Painter of the Bible
Jan Luyken
Jan Luyken was a Dutch poet and etcher whose late-seventeenth-century religious illustration provided the visual program of one of the most influential Protestant devotional books in Western history.

Life & work
Jan Luyken was a Dutch poet and etcher whose late-seventeenth-century religious illustration provided the visual program of one of the most influential Protestant devotional books in Western history. Born in Amsterdam in 1649 to a Mennonite schoolmaster, trained in his late teens as a glass-painter and then as an etcher, and active in Amsterdam for the rest of his life, he died there in 1712.
His early years produced secular work — love poetry, illustrated emblem books — but a religious conversion around 1675, under the influence of the German Pietist mystic Jakob Böhme, redirected his entire output toward Christian devotional and didactic publications.

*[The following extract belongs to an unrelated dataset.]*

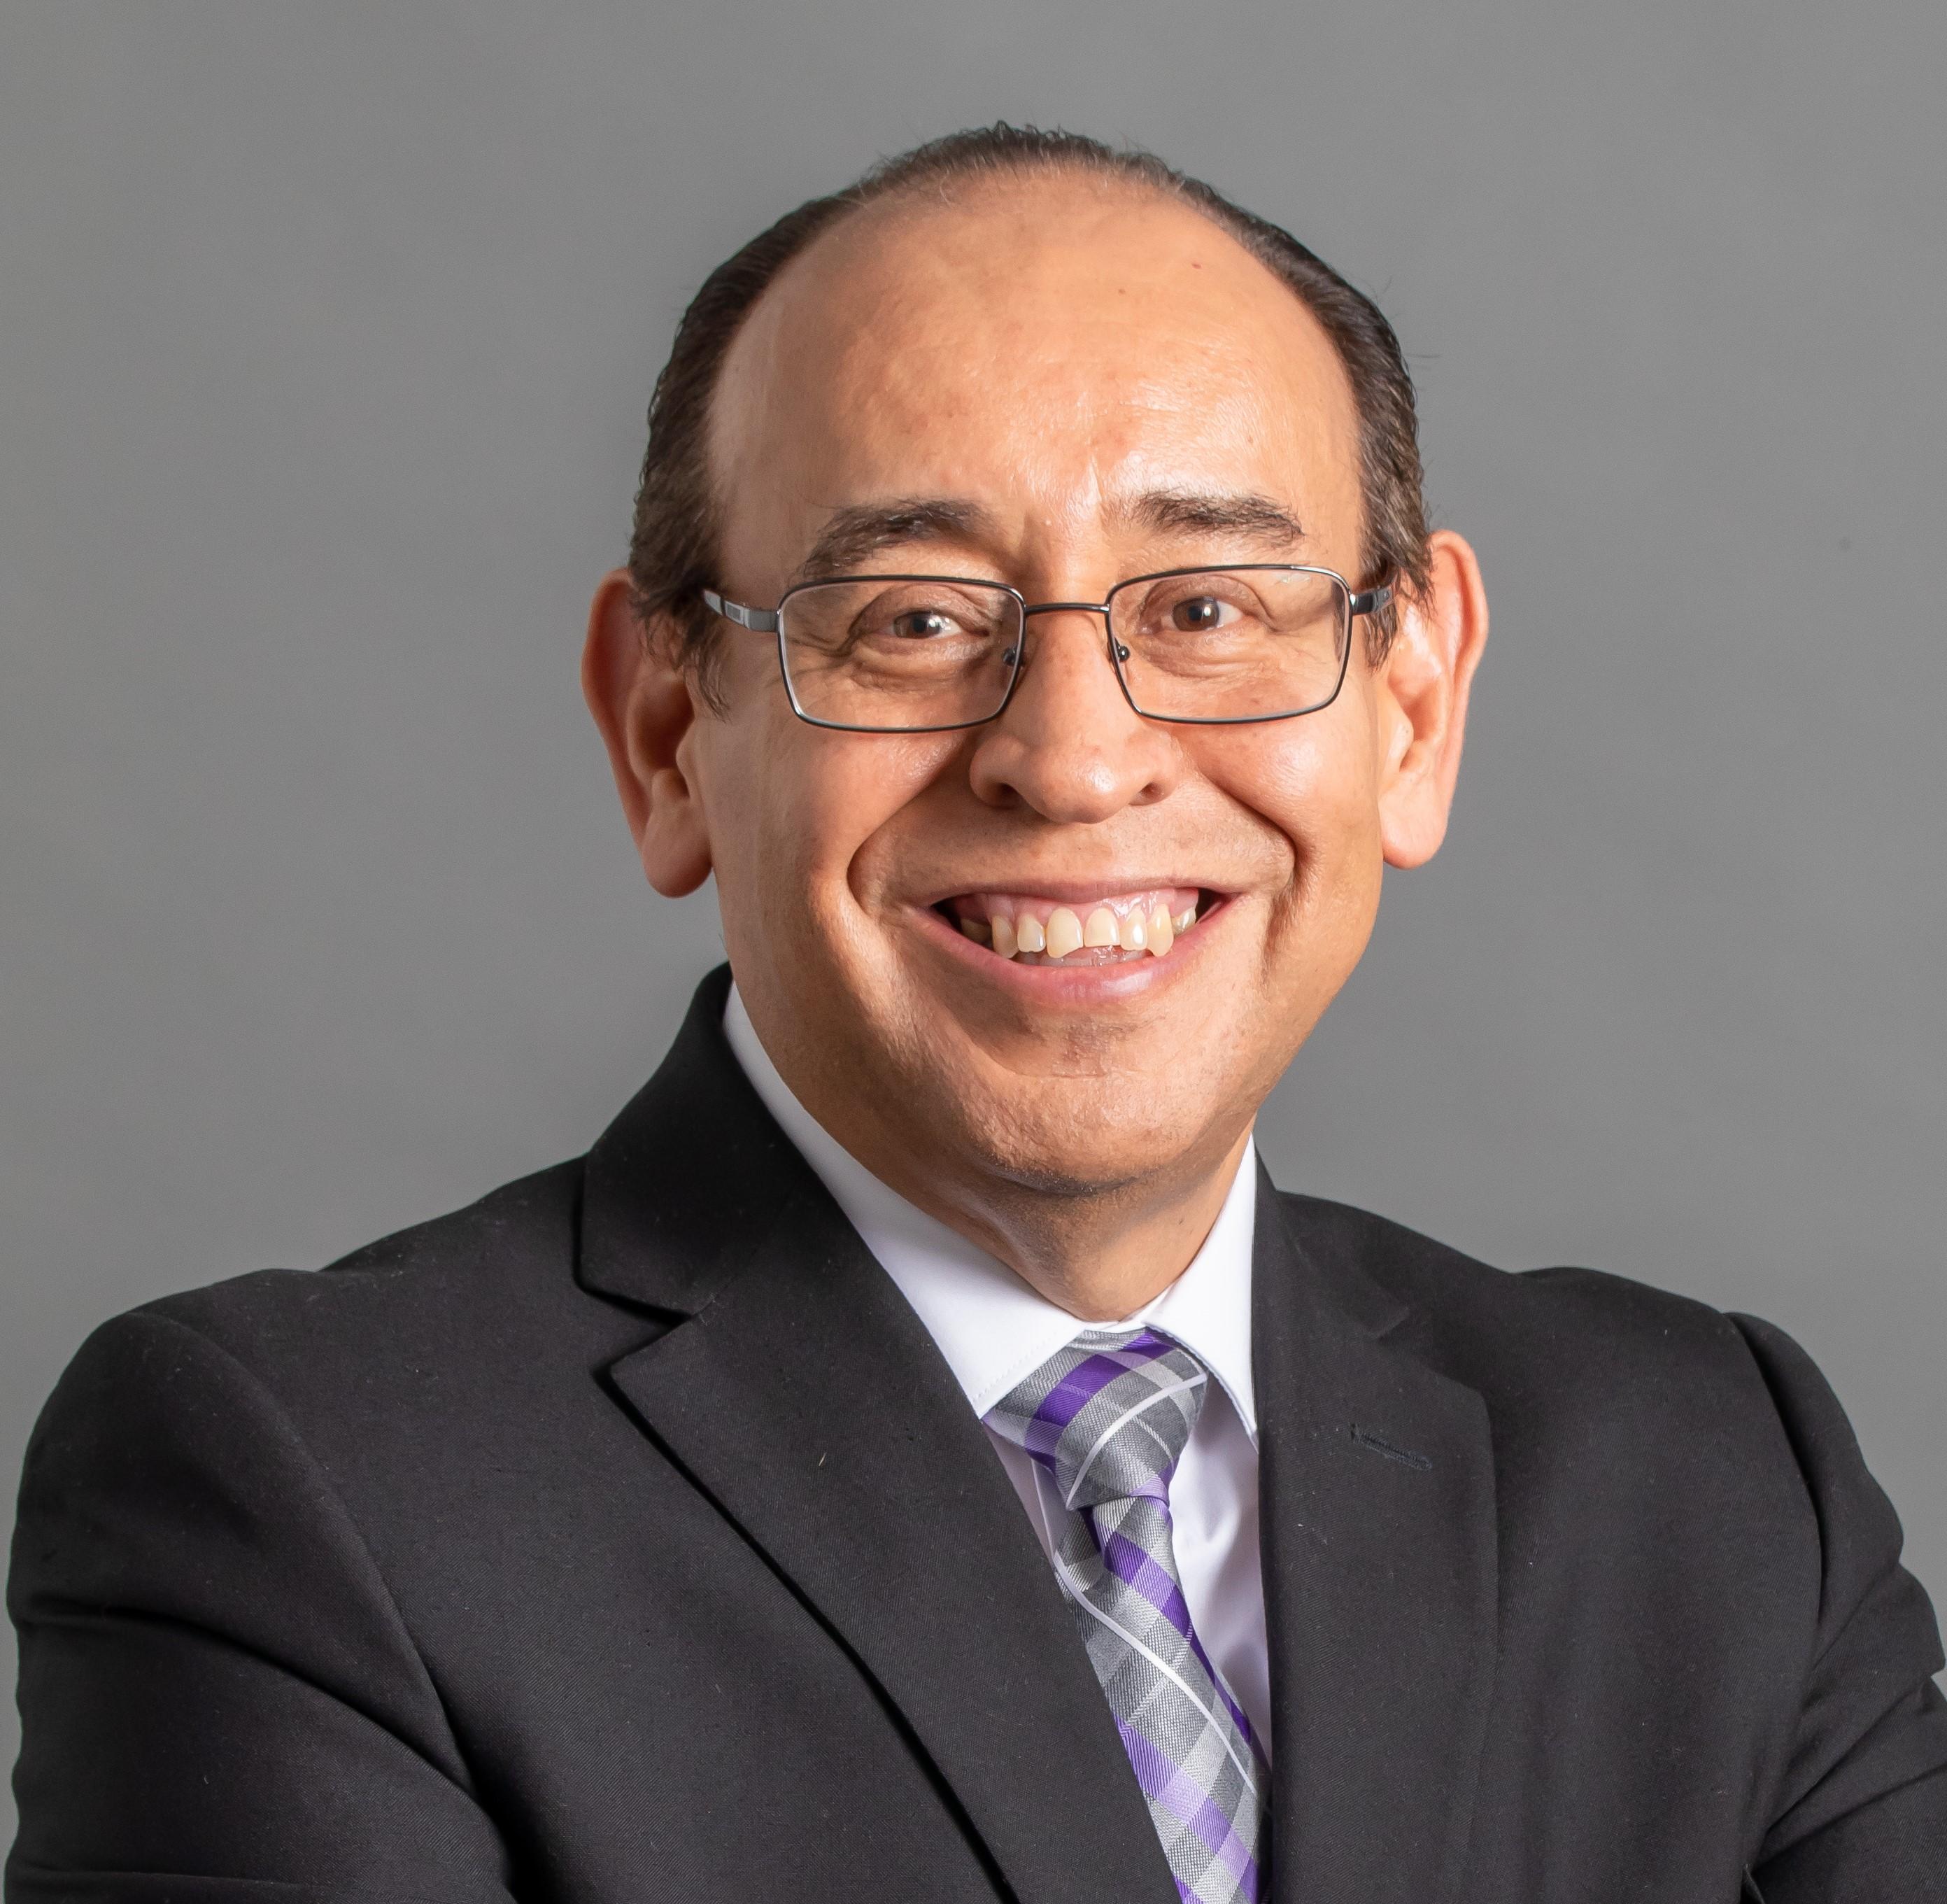 Picture of José Luis Callejas Reyes

From the late 1670s onward Luyken produced almost exclusively religious illustration, often in close collaboration with the Amsterdam Mennonite publisher Jacobus van der Deyster and with his son Caspar Luyken (1672–1708), who shared the workshop in his short lifetime.
His central religious project is the Martyrs Mirror — Tieleman Jansz van Braght's Het Bloedig Tooneel of Martelaers Spiegel der Doopsgesinde of Weereloose Christenen (Amsterdam, 1685, second edition with Luyken's plates, the first being the textual 1660 edition). The book chronicles the martyrdom of Anabaptist Christians from the New Testament through the European Reformation persecutions; Luyken's 104 etched plates illustrate beheadings, burnings, drownings, and other forms of martyrdom in the restrained, observational manner that has made the volume an enduring document for Mennonite, Amish, and other Anabaptist communities. The plates have been reprinted continuously for over three hundred years and remain in active devotional use.
He produced extensive series of biblical illustration: the Het Leerzaam Huisraad (Domestic Furnishings as Moral Teaching), the Beschouwing der Wereld (Contemplation of the World), the Schouwtoneel des Menselyken Levens (Theater of Human Life), and the great Mosaize Historie der Hebreeuwse Kerke (Mosaic History of the Hebrew Church) of 1700, with hundreds of Old Testament plates. The combined output runs to several thousand etchings.
His personal life was marked by mystical Pietism, voluntary poverty in his later years, and a sustained literary output of poetry that situated him among the major Dutch devotional poets of the seventeenth century. His grave in Amsterdam's Noorderkerk churchyard is unmarked.
Notable works in detail

De Bergrede (The Sermon on the Mount), etched by Jan Luyken around 1684 in his Amsterdam workshop and one of the small religious illustrations he produced for the Mennonite-publisher Jacobus van der Deyster, depicts the moment in Matthew 5 in which Christ delivers the Sermon on the Mount to the assembled crowd on a hillside above the Sea of Galilee. Luyken stages the scene as a quiet pastoral encounter — Christ seated on a low rock at the upper register of the composition, the assembled disciples and listeners gathered in a loose semicircle around him in postures of attentive listening, the Mediterranean landscape stretching behind under a soft midday sky. The composition demonstrates Luyken's characteristic restraint and his Mennonite-pietist preference for the legible, calm Gospel encounter over the dramatic Baroque action scene. The print circulated through Dutch Anabaptist devotional publishing throughout the late seventeenth and eighteenth centuries.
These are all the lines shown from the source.